Turkey’s election “perfect example of post-truth politics” - analyst
Turkey’s presidential and parliamentary elections on Sunday provided an example of post-truth politics, wrote Steven A. Cook, a senior fellow at the Council of Foreign Relations.
“The entire process was somewhere on the spectrum between free and unfree and fair and unfair, bewildering participants and observers alike,” he said in a blog posted on the think-tank’s website Monday. The confusion, he said, helped President Recep Tayyip Erdoğan “win with a veneer of democratic legitimacy”.
The electoral process allowed supporters both of the government and the opposition to cling to competing, incompatible narratives. For government supporters, this involves resisting suggestion that the elections were neither free, not fair.
Opposition supporters believe the opposite, pointing, for instance to the Nationalist Movement Party’s (MHP) surprisingly strong performance in the parliamentary election. By gaining more than 11 percent of the vote the MHP, an ally of the ruling Justice and Development Party (AKP), defied pollsters’ predictions.
“How did this happen?” asked Cook, calling the result, “so at variance with almost every poll that it deserves scrutiny.”

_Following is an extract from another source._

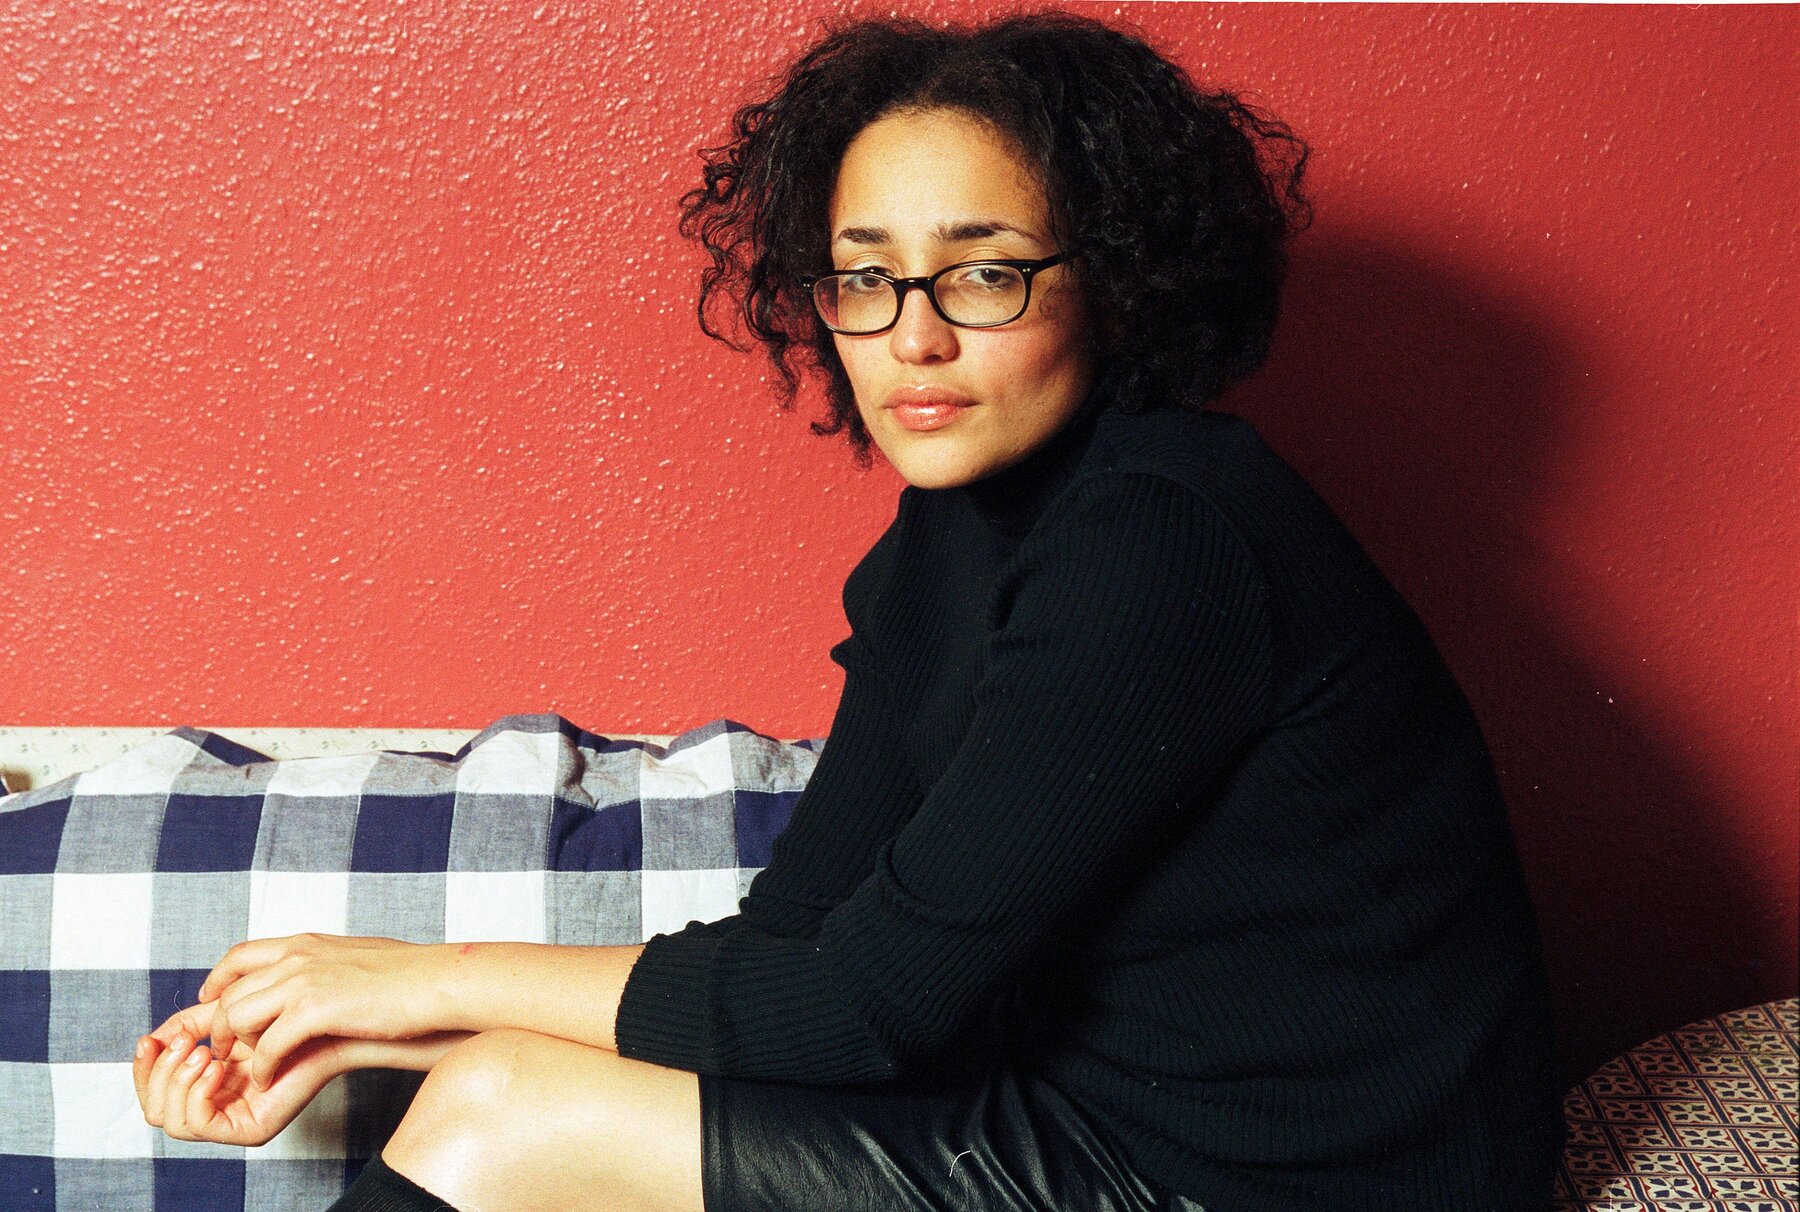 Zadie Smith, wearing a black top and glasses, with her hair parted in the center, sits and looks over her left shoulder towards the camera. The wall behind her is red.

But, he also pointed out that there were plausible and legitimate explanations for the MHPs surprisingly high performance, and no hard evidence of vote manipulation.
A second example Cook used to illustrate how Turkey’s election fed into both government and opposition narratives concerned the Supreme Electoral Council (YSK). Government supporters point to it as an independent and impartial organisation, while the opposition notes all its officials have been appointed by the government and says its independence is entirely notional.
“The unfortunate result,” said Cook, “is more anger, greater polarisation, further instability, and a deepening of authoritarianism. This is Turkey’s present, but it is the wave of the future.”
The polarisation that inevitably results from elections carried out in an atmosphere such as that in which Turkey’s was held is unlikely to deter Erdoğan and his ilk from holding future elections in similar environments. “It seems,” wrote Cook, “to be the perfect template for future elections in Turkey and other countries with populist and authoritarian leaders.”